The other thing that we do is we hire people who can speak multiple languages whenever possible. Most of our front desk staff speak multiple languages. We have providers and nurses and medical assistants who speak multiple languages. Within the health center, we try to have that capacity in case we need to call someone, that sort of thing.

Lisa Belisle: You went to King Middle School.

Renee: I did.

Lisa Belisle: Where one of your sons is now going. You graduated from Portland High School.

Renee: I did.

Lisa Belisle: Did you ever think, as you were growing up, that you would find yourself back in a situation where you were caring for Portland patients, but that they might not be the same types or Portland patients you might expect?

Renee: When I was at Portland High, Portland was a resettlement area back then. There were kids back then coming from Afghanistan, and also a lot of kids from Southeast Asia. I think even back then Portland was becoming more diverse. I experienced more diversity at my Portland High School than I did when I went to college, which was not very diverse.

I didn’t think I would come back to Portland. I hadn’t planned that far ahead. When we were in New York, one of the things we really liked was the diversity. We really wanted to be in a place where our kids could grow up with some diversity. So, you know, I’m sort of pleasantly surprised by what’s happened in Portland in that I really think there’s a lot of strength that comes from diversity.

My kids right now are at Ocean Ave. My son just finished Ocean Ave and will be at King next year. They have quite a bit of diversity in their classrooms, which I really like. I think that, depending on what, the decisions that Portland makes, there’s a way to turn this diversity into something that can keep us very strong.

Especially because a lot of the new Mainers that are here seeking asylum are very well educated. They speak multiple languages. They were professionals in their communities. Right now, it’s really difficult for them to work and get jobs. When they do, it’s usually not in their fields. It’s usually low level service jobs. You know, house cleaning, working at hotels, things like that.

There’s a lot of potential, I think, in the community to really utilize the skills of the new folks that are coming. I don’t know if that answered your question. I think I got a little sidetracked.

Lisa Belisle: No, I think that’s a good answer, especially knowing that your experience of Portland growing up wasn’t actually as different as one might think.

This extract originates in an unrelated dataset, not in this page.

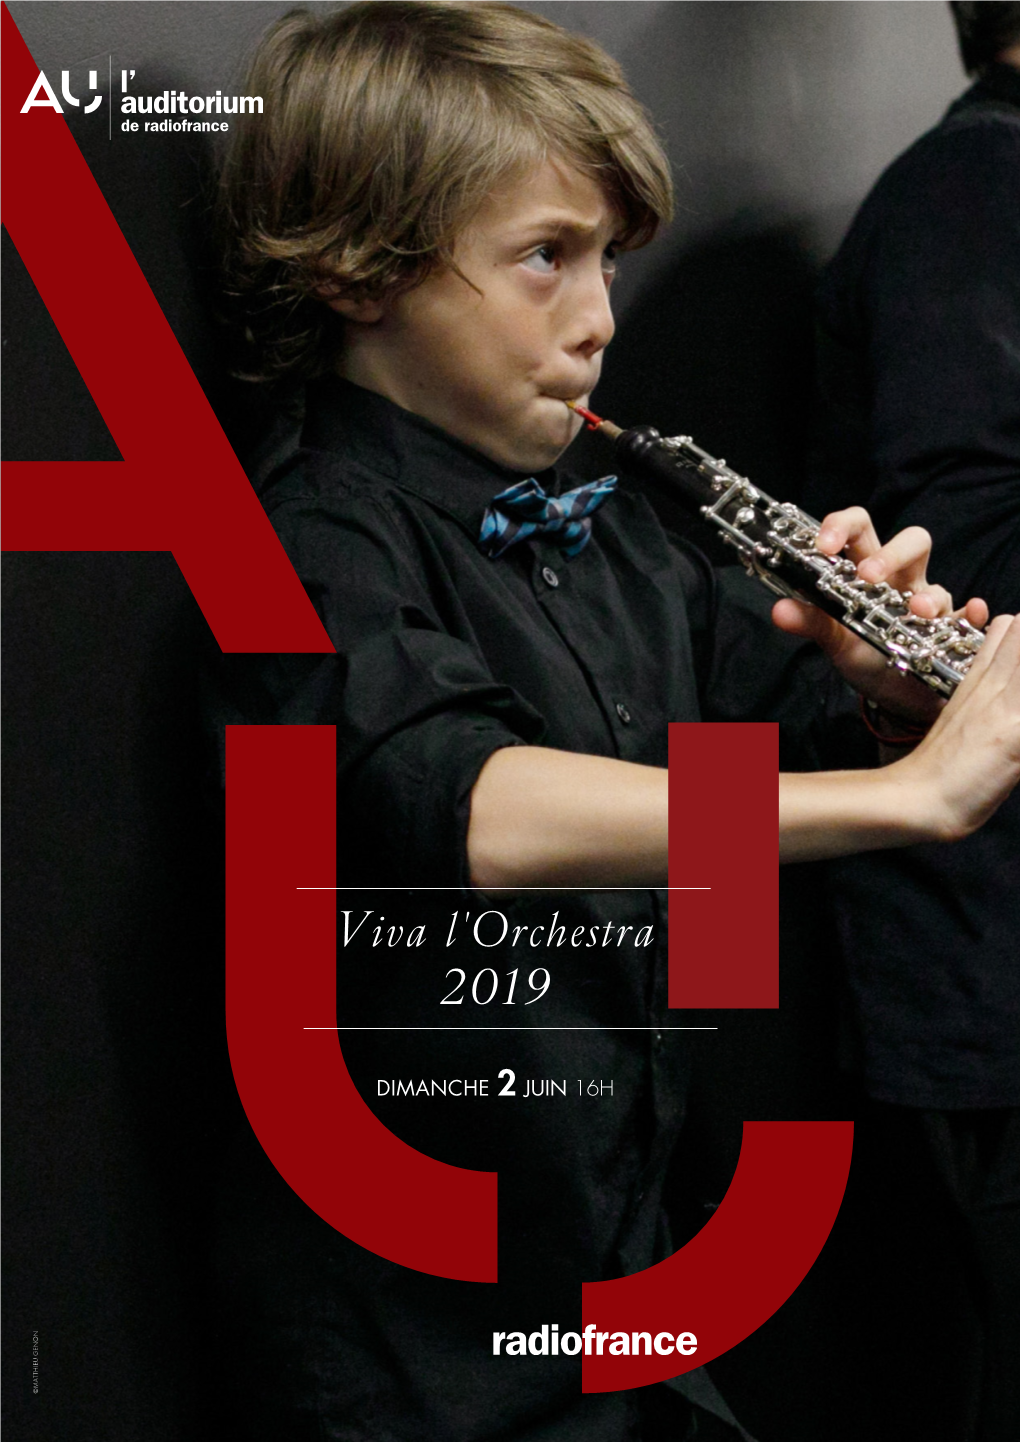 Viva L'orchestra 2019

Even though we think of Maine was being a fairly Caucasian state, that wasn’t your experience of it, and not that long ago.

Renee: Yeah, I mean I think it’s certainly more diverse now than it was, but there was certainly diversity in the high school when I was there.

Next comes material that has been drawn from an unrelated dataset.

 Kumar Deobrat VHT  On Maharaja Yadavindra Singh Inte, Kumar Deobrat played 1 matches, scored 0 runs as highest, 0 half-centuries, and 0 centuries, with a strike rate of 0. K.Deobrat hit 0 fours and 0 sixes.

Lisa Belisle: One of the most interesting things about your home situation is that you’re married to a poet. I don’t know how many people can actually say that, but certainly the doctor/poet combination with the two young children … I think that Gibson was maybe our first guest, if not one of our first guests for this entire radio show, when he was still the director of The Telling Room. Tell me what that is like in your family.

Renee: It’s crazy, and it’s wonderful. When I was in residency and Gibson was in his MFA program, we were always trying to get poets and doctors together. It never worked out. It’s interesting. One of the reasons why I love what I do is that I listen to stories all day long. Patients come in and tell me these amazing things. I try to do what I can to try to problem solve and that kind of stuff with them. I really love that.

So much about medicine is relationship and story, and really that’s what Gibson does too. It’s not so different if you look at it that way. Our lives are a little bit of a juggling act in terms of the nuts and bolts of running a household. We do have a little bit of, you know, our home duties are a little different than other families that we know. It works for us.

Gibson has the ability to be more flexible with his time than I am. That’s helpful for our kids. I think we both try to talk to the kids like they understand what we do. They understand why we do it. They understand it’s really important to us, and that in our own ways we’re both giving back to our community.

I think Gibson’s poetry and the work that he does is all really based in this community and trying to bring arts and education and imagination to both kids and adults. Really seeing that those are ways that people, that telling your story is a really important part of your life. Understanding things, trying to write things down or say them out loud, however you want to express yourself.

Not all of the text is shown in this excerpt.